I would prefer it, though. I don’t know any other way to prevent people from doing horrible things to minds running on their computers. It wouldn’t need to be publicly broadcast though, just overseen by law enforcement. I think this is much more likely than a scenario where everything you see is shared with everyone else.

Unfortunately, my mainline prediction is that people will actually be given very strong privacy rights, and will be allowed to inflict as much torture on digital minds under their control as they want. I’m not too confident in this though.

Benjy_Forstadt Sep 23, 2024, 3:15 PM
1 point
0
in reply to: Benjy_Forstadt’s comment on: Another argument against utility-centric alignment paradigms
Basically people tend to value stuff they perceive in the biophysical environment and stuff they learn about through the social environment.

So that reduces the complexity of the problem—it’s not a matter of designing a learning algorithm that both derives and comes to value human abstractions from observations of gas particles or whatever. That’s not what humans do either.

Okay then, why aren’t we star-maximizers or number-of-nation-states maximizers? Obviously it’s not just a matter of learning about the concept. The details of how we get values hooked up to an AGI’s motivations will depend on the particular AGI design but probably reward, prompting, scaffolding or the like.

Benjy_Forstadt Sep 23, 2024, 6:40 AM
1 point
0
in reply to: Thane Ruthenis’s comment on: Another argument against utility-centric alignment paradigms
I don’t think the way you split things up into Alpha and Beta quite carves things at the joints. If you take an individual human as Beta, then stuff like “eudaimonia” is in Alpha—it’s a concept in the cultural environment that we get exposed to and sometimes come to value.
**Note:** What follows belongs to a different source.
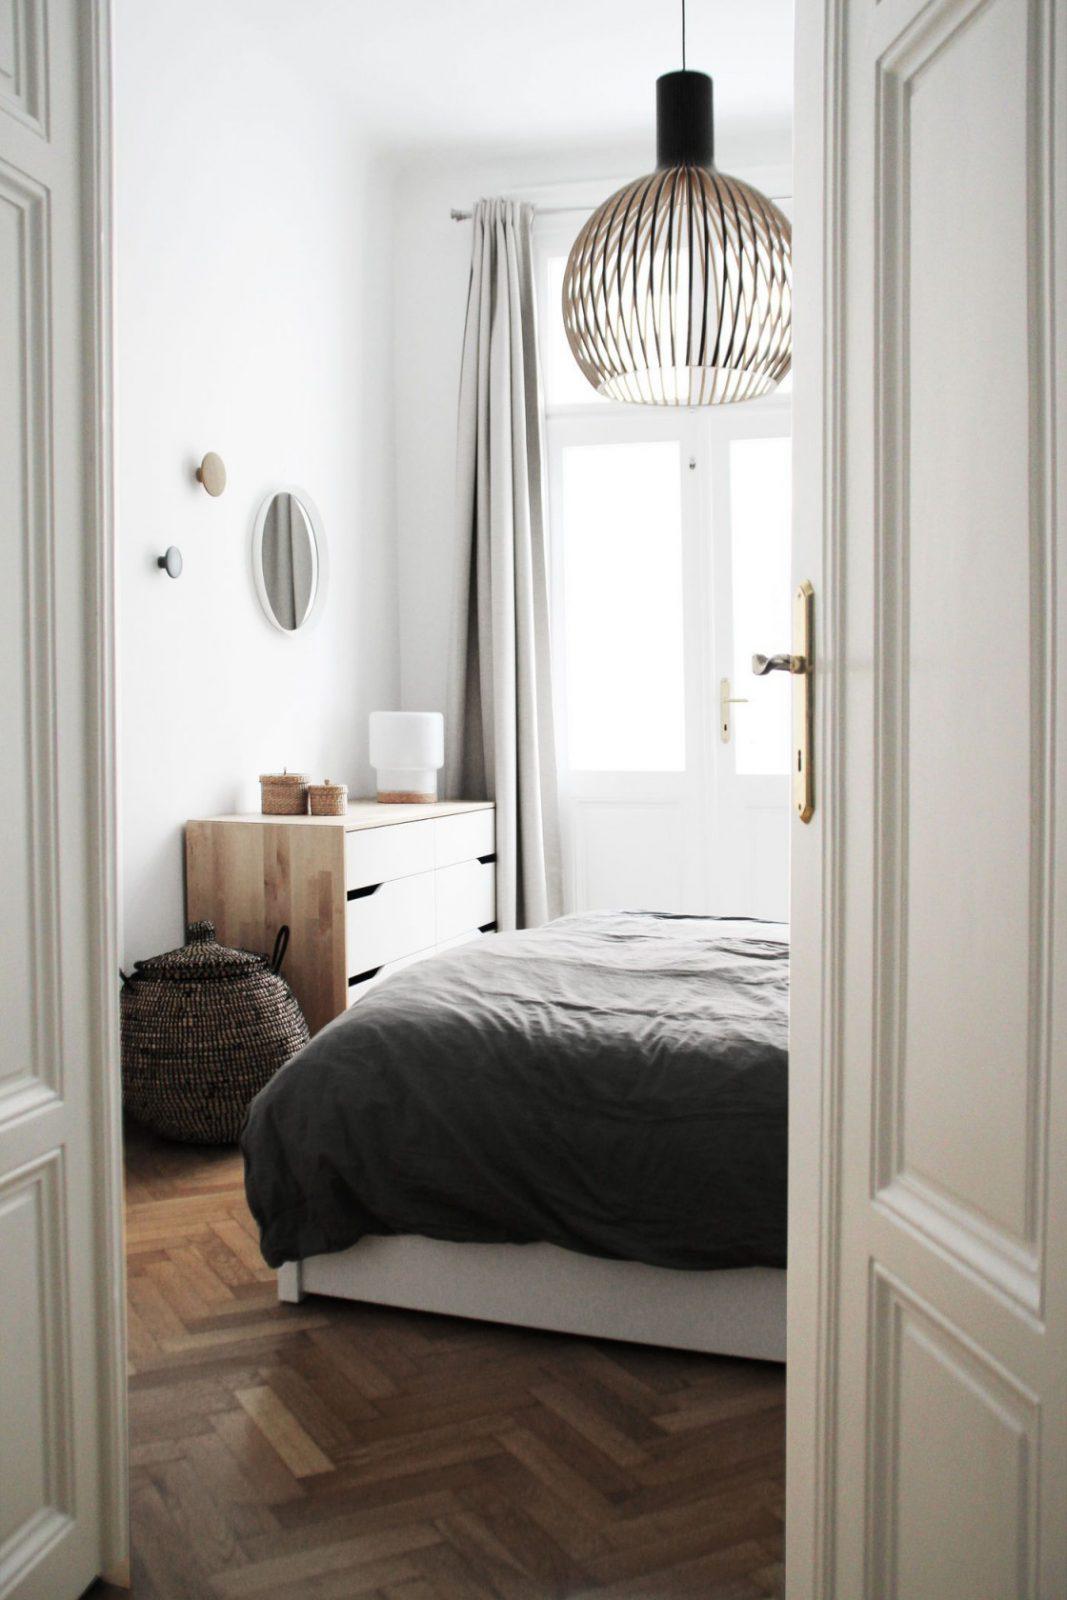 Gardinen Schlafzimmer Ideen  Bedroom Ideas  Bedroom Ideas von Ideen Gardinen Schlafzimmer Photo

The vast majority of an individual human’s values are not new abstractions that we develop over the course of our training process (for most people at least).
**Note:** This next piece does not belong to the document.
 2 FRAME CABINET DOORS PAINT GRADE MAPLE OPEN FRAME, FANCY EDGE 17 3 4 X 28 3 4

Benjy_Forstadt Sep 22, 2024, 11:21 PM
13 points
4
in reply to: Thane Ruthenis’s comment on: Another argument against utility-centric alignment paradigms
There is a difference between the claim that powerful agents are approximately well-described as being expected utility maximizers (which may or may not be true) and the claim that AGI systems will have an explicit utility function the moment they’re turned on, and maximize that function from that moment on.

I think this is the assumption OP is pointing out: “most of the book’s discussion of AI risk frames the AI as having a certain set of goals from the moment it’s turned on, and ruthlessly pursuing those to the best of its ability”. “From the moment it’s turned on” is pretty important, because it rules out value learning as a solution

Benjy_Forstadt Jun 6, 2024, 2:30 AM
1 point
0
in reply to: Benjy_Forstadt’s comment on: MIRI 2024 Communications Strategy
Edit: Retracted because some of my exegesis of the historical seed AI concept may not be accurate

Benjy_Forstadt Jun 2, 2024, 2:31 PM
1 point
0
in reply to: quetzal_rainbow’s comment on: MIRI 2024 Communications Strategy
There will be future superintelligent AIs that improve themselves. But they will be neural networks, they will at the very least start out as a compute-intensive project, in the infant stages of their self-improvement cycles they will understand and be motivated by human concepts rather than being dumb specialized systems that are only good for bootstrapping themselves to superintelligence.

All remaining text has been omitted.